July 13, 2009
Unfocused groups.
This morning we were briefed on a new client. We're kind of coming into the picture in the middle of a campaign, where look and feel and media and approach have already been decided, and we're here to tweak and tease the message so that it hits home with impact.
One of the items we have to use in all our executions is a weird little logo. It contains a positive message--a reminder to follow procedure, to do the right thing, to keep a rule in mind. It's giving the green light to an important behaviour.
And the dang thing was designed in red.
I'm talking about a big red circle with a red icon in the middle and a two-word message in blaring red letters. And everyone at the agency who's seen it--and I mean everyone--asks the same thing:
Erm, shouldn't that be in green?
And the client service person rolls her eyes for the umpteenth time and repeats what the client told her when she asked the same question:
We tested this in focus groups across the country. That's what people picked.
Which brings up two points, at least as far as I can see:
1) Passing the buck off to Joe public for a decision that--according to your job title--is essentially yours is a big cop out.

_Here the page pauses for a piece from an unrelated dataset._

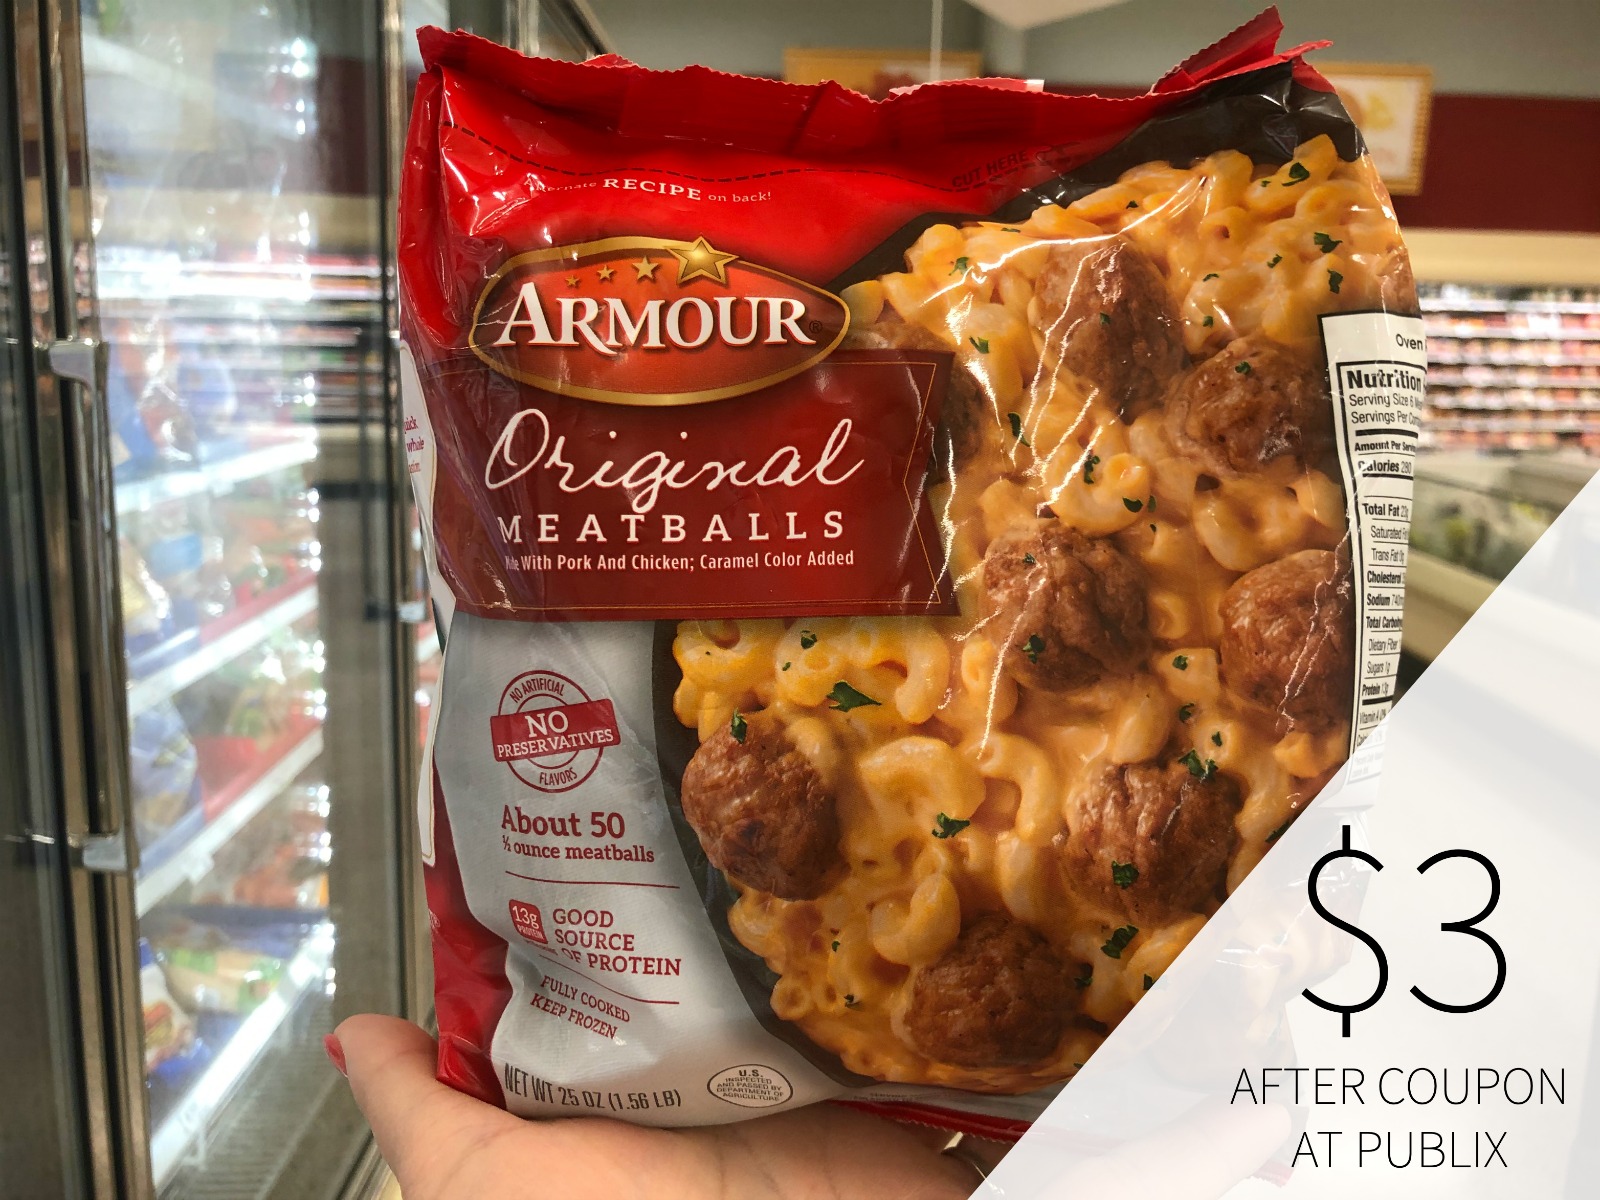 Grab A Fantastic Deal On Armour Meatballs This Week At Publix – BOGO Sale & Coupon Combo!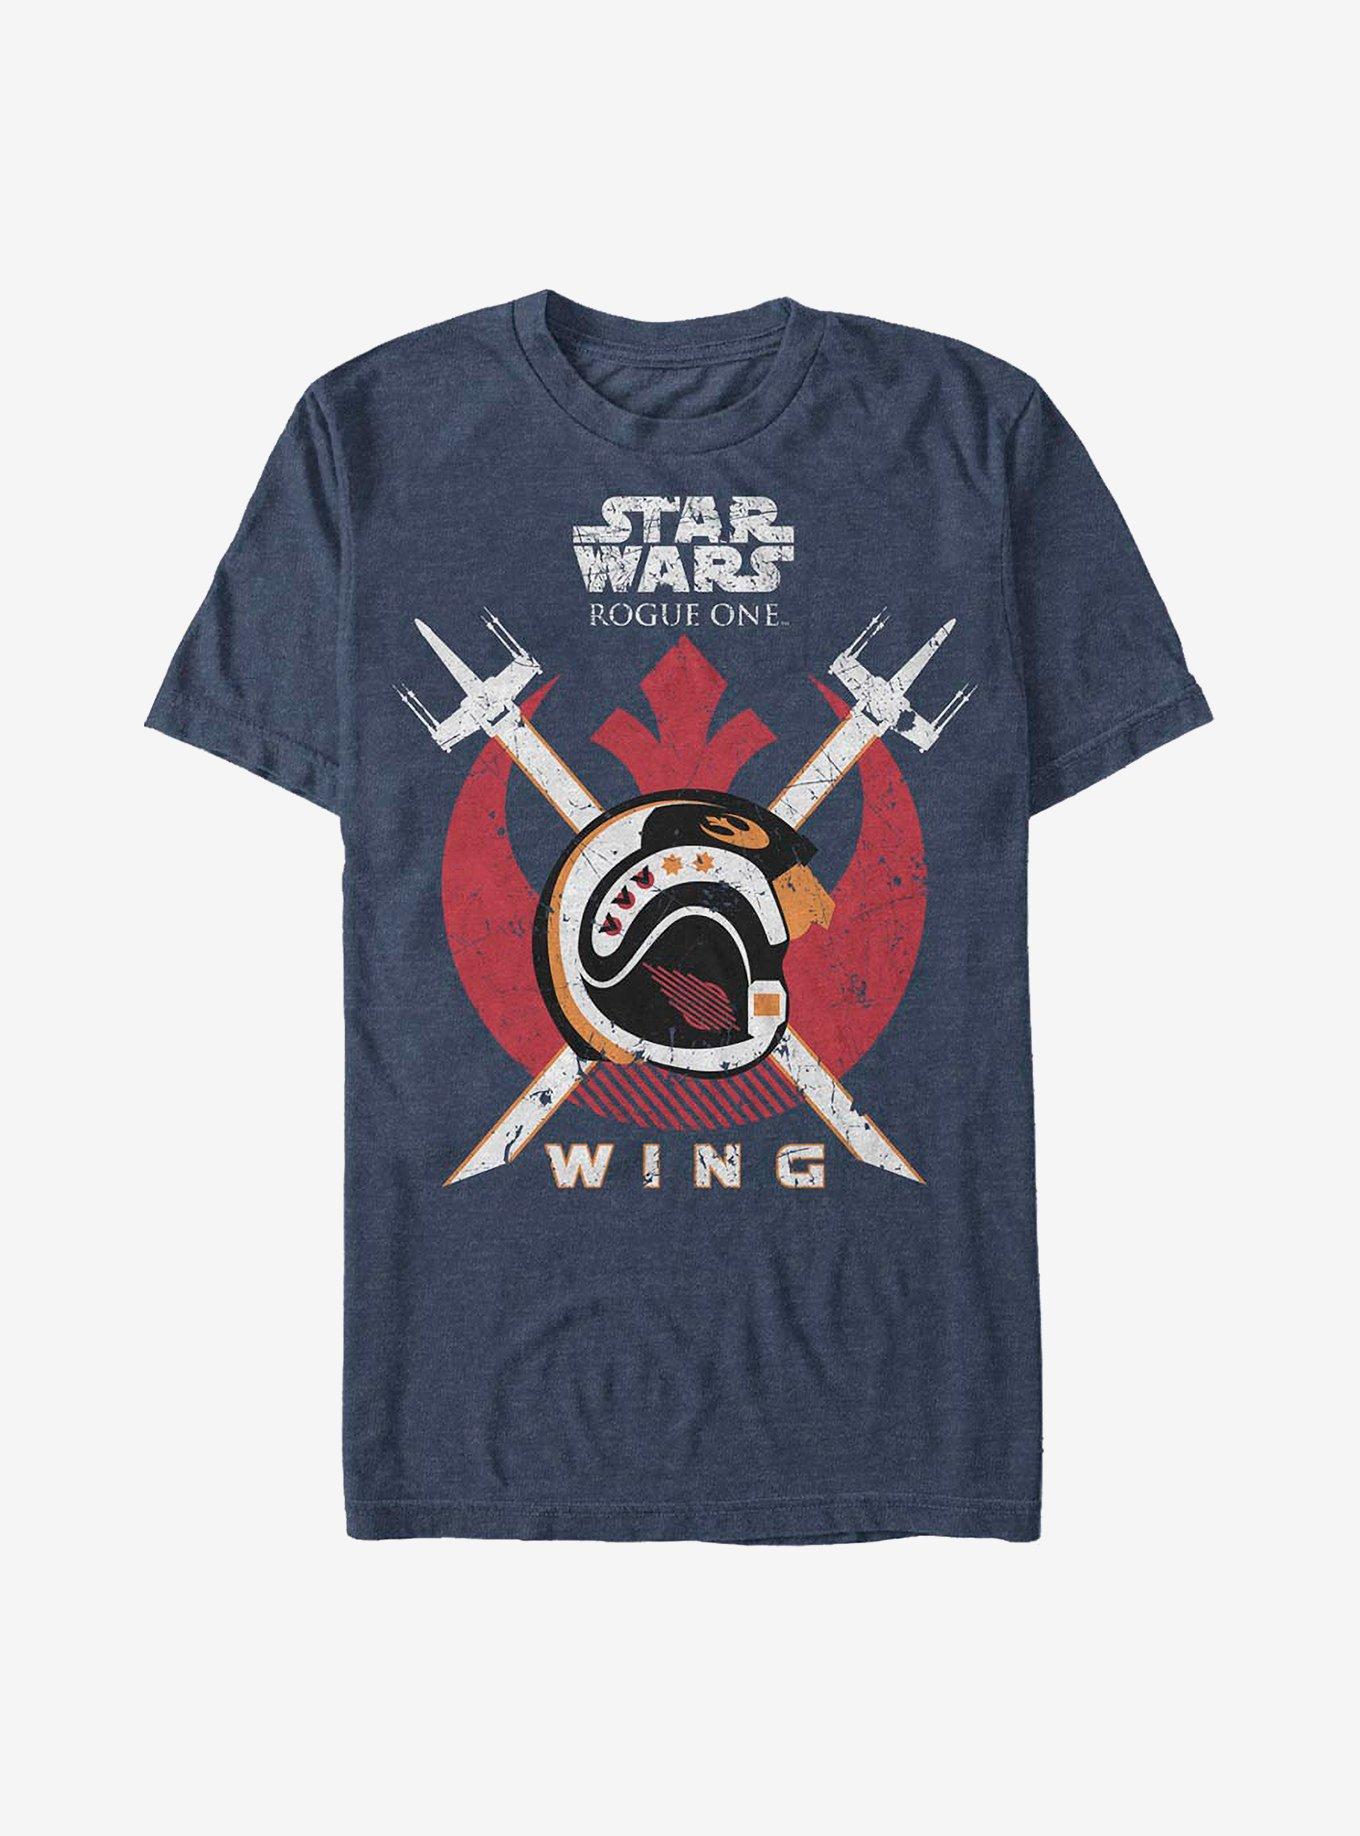 Star Wars Rogue One: A Star Wars Story Rogue One T-Shirt, NAVY HTR, hi-res

Not to mention a colossal waste of money (in this case, the Government's--aka yours and mine). And resources. Unless your title is "Focus-Group Manager", you kind of have to make the final decision yourself--and stand up for it.
2) Focus groups are very often a great, big, stinking waste of time and money.
Now, sometimes a focus group is a great way to collect insight and feedback. Say, if you're testing a new product flavour. Or changing the name of a well-known product. Or collecting feedback on people who live in a certain area, or have certain behaviours, or exhibit similar interests. A focus group can give you some pretty keen insights about where to focus your message, and how to target your audience. Focus groups work wonders IF you're using them for the talents they possess: namely, speaking about themselves and their experience.
Where it all goes horridly, flamingly wrong is when focus groups are used to test creative. Gather a group of rather haphazard people together and ask them to give their opinion on an ad, a logo, a TV commercial, anything at all, and you're going to get exactly what you ask for: an opinion. Based on personal taste. Influenced by the people sitting around them. And, worst of all, over-thought to death.
You're asking Mr. and Mrs. Sample to look at an ad, analyze it, talk about it, compare it with other ads, debate it with the people around the table, and score it on a scale of good to bad (and, in one horrific fiasco earlier this year, 1 to 10). I've seen people start with one opinion and change their minds completely in 10 minutes. Which opinion should we go with? What's their true gut feeling? How much is this forced focus-group atmosphere influencing what they say?
And moreover, what do non-advertising people know about advertising? I don't mean to sound pompous or elitist--I simply mean that agencies have an expertise in advertising. We've honed our communication skills. We've broken the data down into a brief. We've fleshed out the message. We've kept the target in mind. We know the project, inside and out. Yet these 10 strangers, sitting around a table for an hour, suddenly have more say than the experts that the client hired in the first place.
Focus groups have become career padding--a buffer between the client and their boss, between results and responsibility. How can 10 people off the street have a say powerful enough to derail an entire campaign? How can a client--being paid ample money to turn out a campaign that works--put their trust in those 10 people to get his or her job done?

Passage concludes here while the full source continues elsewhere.